Has anyone really endured such an ordeal? With one possible exception, no--even the
fictional Crusoe caught some breaks. Here's my list of top contenders. (I've discounted
poorly documented tales plus episodes of less than a year.)
- Alexander Selkirk. Published in 1719, Robinson Crusoe is widely
accounted the first true English novel, one of the greatest adventure stories ever
written, blah blah blah. Read it, though, and you realize that even our man Rob has it
plenty soft. His wrecked ship snags just off the island where he washes ashore; he spends
24 days scavenging tools, weapons, money, food, boards, rope, etc, eventually cobbling
together digs that compare favorably with a Holiday Inn. Alexander Selkirk, the real-life
inspiration for Crusoe, lived a solitary existence on Mas a Tierra Island, about 400 miles
off the coast of Chile, from September 1704 to February 1709. Everybody knows this. What
they don't know is that (a) Selkirk wasn't shipwrecked--he asked to be put ashore because
he feared, correctly, that his creaky ship was doomed; (b) while he didn't have the
army-navy store's worth of stuff that Crusoe did, he had his sea chest, a musket and ammo,
flint and steel, a hatchet, a knife, a kettle, and so on; and (c) as desert islands go,
Mas a Tierra was pretty plush, with a gentle climate, fresh water, and abundant shellfish
and other edibles. Selkirk basically vegged on the beach for the first 18 months, although
he did stir himself to Crusoe-like feats of industry thereafter.
- The Miskito Indian Will. Sent ashore on Mas a Tierra with an English foraging
party in 1681, Will was left behind when his employers' ship abruptly departed on sighting
several enemy vessels. He was picked up in 1684. The Miskito, often hired by Europeans for
their hunting skills, were native to the Caribbean coast of Central America, an
environment that if anything was harsher than Mas a Tierra.
- Philip Ashton. Captured by pirates in 1722, Ashton escaped the following year
and spent 15 months alone on Roatan Island, off Honduras. Ashton's story, appearing so
soon after Robinson Crusoe, struck some as fiction, but the man apparently did
exist; if authentic, his is the only account I know of in which a lone unprepared
Caucasian survives on an island more than a year.

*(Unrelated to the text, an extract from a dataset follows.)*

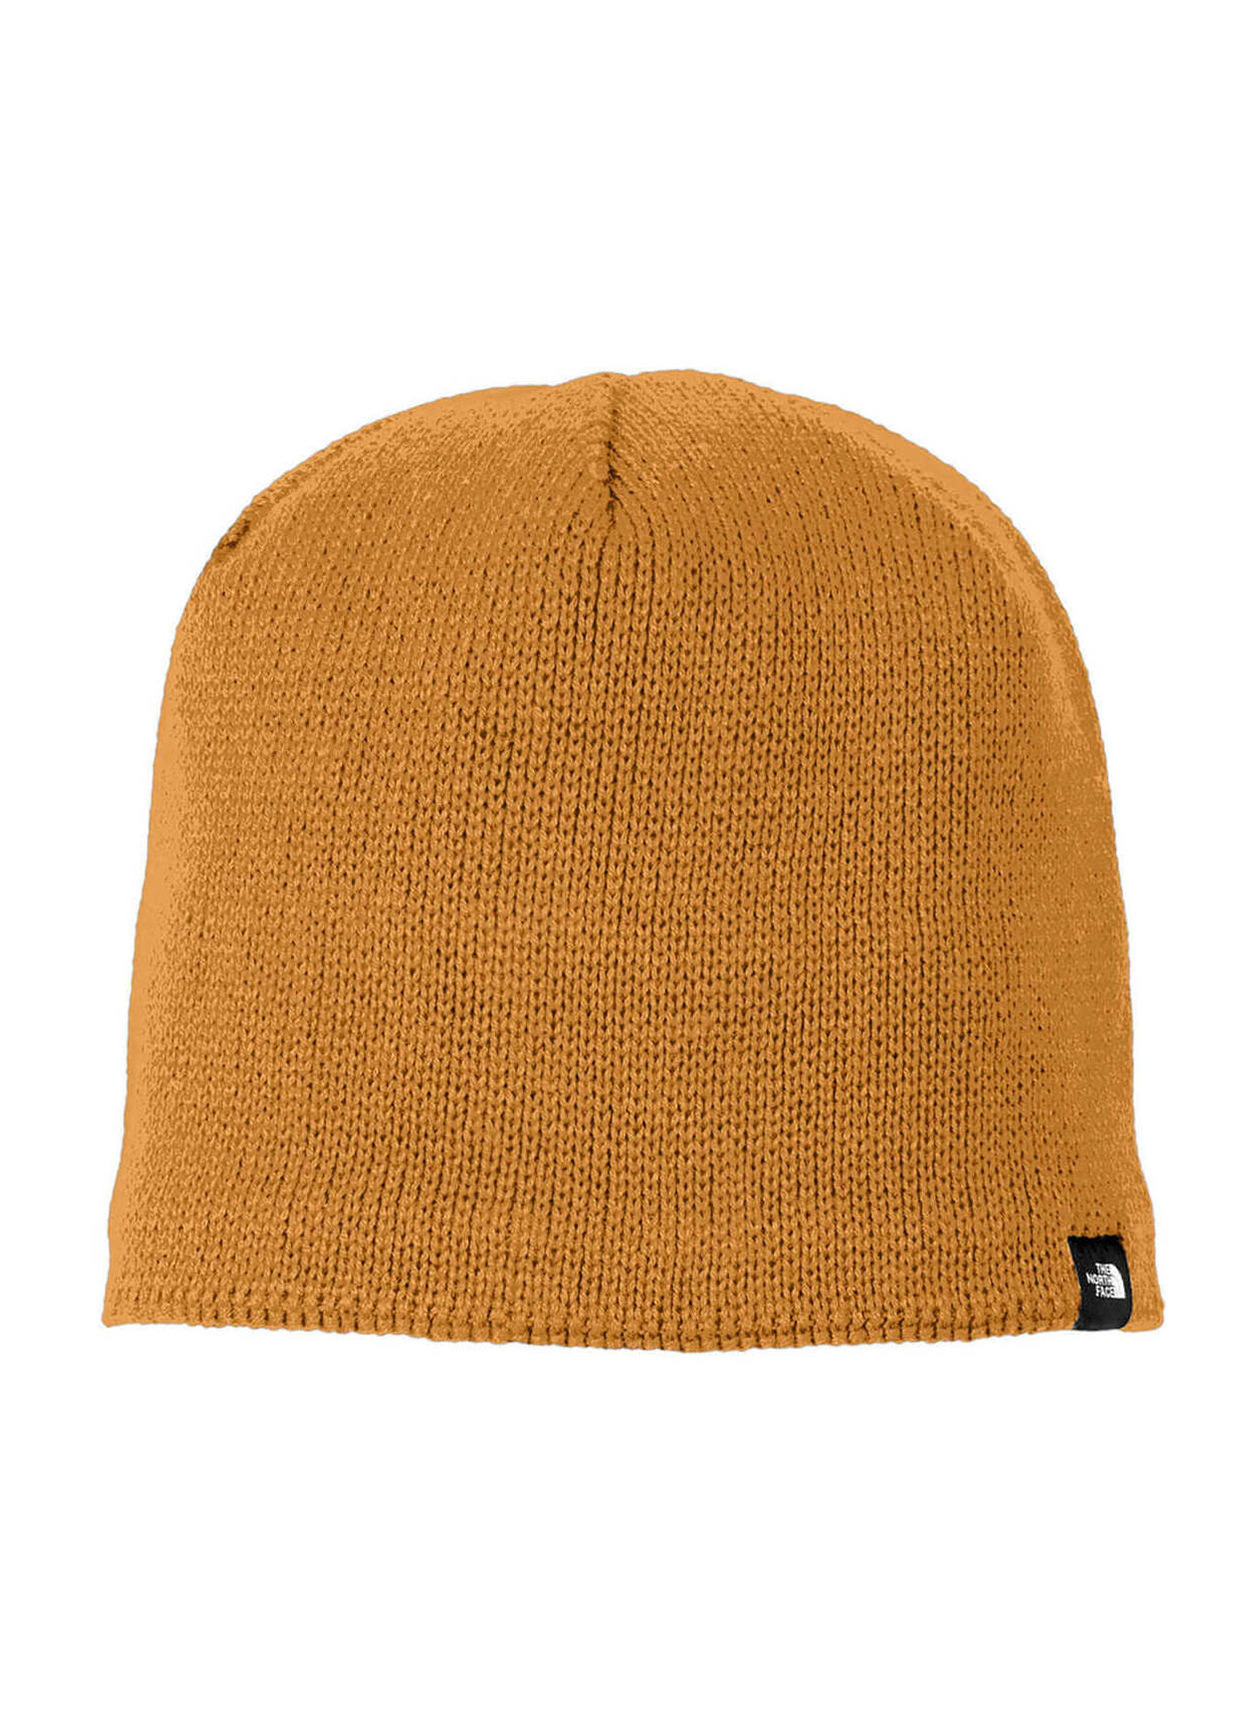 North North Tan Face | The Mountain The Beanie Timber Face

- Charles Barnard. Charles Barnard was marooned in the Falkland Islands with four
other men in 1813. They had little besides a boat, some knives, and the ship's dog but did
have each other, no small asset. They were rescued after 18 months.
- Tom Neale. After decades of bumming around the South Pacific, Neale realized
his life's dream on October 7, 1952, when he was put ashore on Suwarrow atoll in the Cook
Islands and took up residence in an old WWII coastal watchers' shack. Subsisting mainly on
what he could catch or raise, Neale lived contentedly alone until arthritis sent him back
to civilization in 1954. He returned from 1960 to 1963 and again from 1967 to 1977, when
cancer forced him to check into a hospital, dying that year at age 75. Does the South
Pacific have a lot of large, uninhabited islands that could sustain a person indefinitely?
Who cares? As Neale showed, all you need is one.